Immer mehr Patienten vertrauen im haus- und fachärztlichen Bereich auf die Telemedizin, die durch die Coronakrise (nicht nur) in Deutschland nochmals Auftrieb erhalten hat. Dass auch pharmazeutische Dienstleistungen telemedial angeboten werden, ist da nur eine logische Konsequenz: Die Telepharmazie kann ebenfalls einen Mehrwert für die Patienten- und Arzneimitteltherapiesicherheit (AMTS) generieren und als Ergänzung zum bestehenden Service verstanden werden.

Ein positiver Nebeneffekt in Pandemiezeiten: Mit der telepharmazeutischen Beratung lässt sich der Publikumsverkehr in der Offizin reduzieren – zum Schutz von Apothekenpersonal und Patienten.
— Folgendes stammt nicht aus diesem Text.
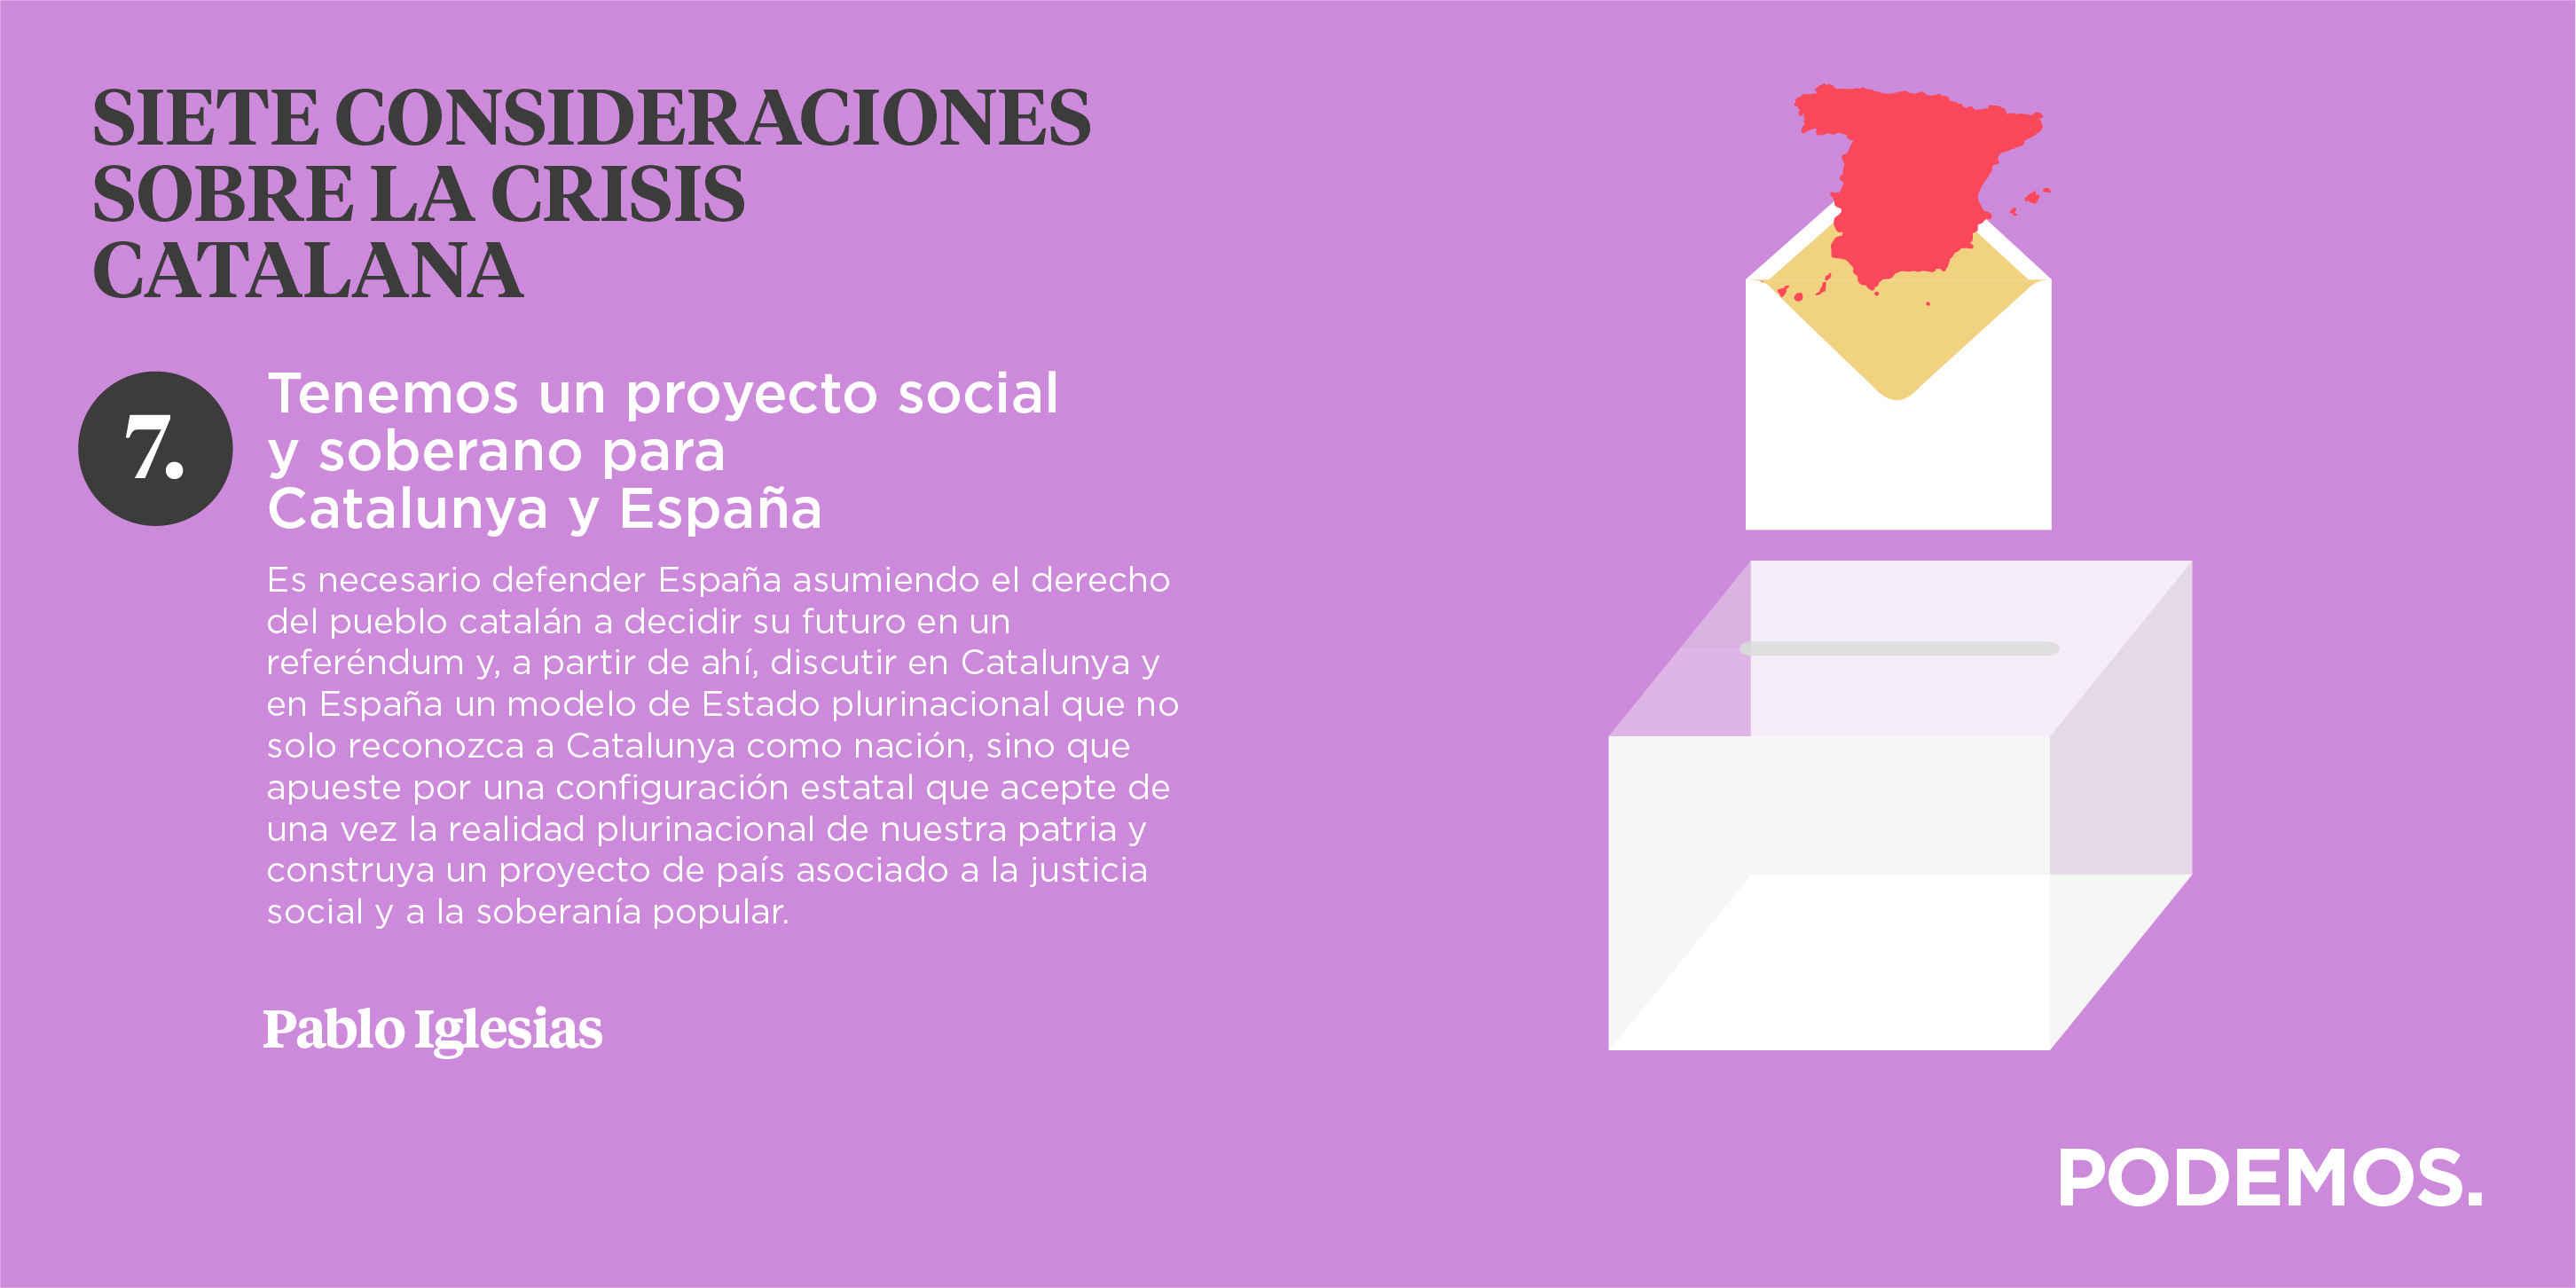 7-7_consideraciones_crisis_catalana

Den Versendern nicht das Feld überlassen

DocMorris bietet schon seit längerer Zeit Online-Beratungen an. Von Montag bis Freitag kann man zwischen 8 bis 20 Uhr per Mausklick mit geschultem Fachpersonal auch per Video chatten. Im Gespräch nimmt DocMorris Over-the-Counter (OTC)-Bestellungen direkt auf und versendet die Ware im Anschluss. Verschreibungspflichtige Medikamente werden ebenfalls verschickt – das Rezept muss derzeit noch im Original per Post zu DocMorris gelangen. Diese Hürde dürfte mit der Einführung des E-Rezeptes fallen. Experten erwarten, dass Online-Apotheken dann verstärkt mit dem Angebot werben werden, auch telepharmazeutisch rund ums Rezept zu beraten.

Aber warum sollten Vor-Ort-Apotheken der Konkurrenz aus dem Netz dieses Feld kampflos überlassen? Schließlich sind sie näher an ihren Kunden, technisch gut aufgestellt und verfügen über hervorragend ausgebildetes Personal. Insbesondere in Kombination mit einem proaktiv beworbenen Botendienst ist die Telepharmazie also ein sinnvolles Instrument, um eine kompetente pharmazeutische Beratung sicherzustellen – und sich im Wettbewerb mit den Online-Apotheken zukunftsorientiert zu positionieren.

Welche Beratungsthemen eignen sich?

Themengebiete, die sich für eine telepharmazeutische Beratung anbieten, gibt es viele. Da sind z.B.:

  • Fragen zu Rezepten,
  • AMTS,
  • Medikationsanalyse, Wechselwirkungschecks bzw. Medikationsmanagement,
  • erklärungsbedürftige Arzneimittel und -formen sowie medizinische Geräte (Inhalatoren, Insulinpens etc.),
  • Anwendung von Hilfsmitteln (z.B. Verbänden),
  • Selbstmedikation,
  • Inkontinenz oder auch
  • Angebote (rezeptfreie Medikamente, Nahrungsergänzungsmittel, Kosmetik- und Pflegeprodukte etc.).

Was benötigen Sie?

Die videobasierte Beratung bietet gegenüber der telefonischen einige Vorteile: Neben einer positiven Außenwirkung als „zeitgemäße digitale Apotheke“ können Sie per Video vor allem auch nonverbal mit Ihren Kunden kommunizieren – Sie alle wissen, wie wichtig es gerade bei „heiklen“ Themen sein kann, die Reaktion Ihres Gegenübers zu sehen und einschätzen zu können, ob Ihre Botschaft richtig verstanden wird.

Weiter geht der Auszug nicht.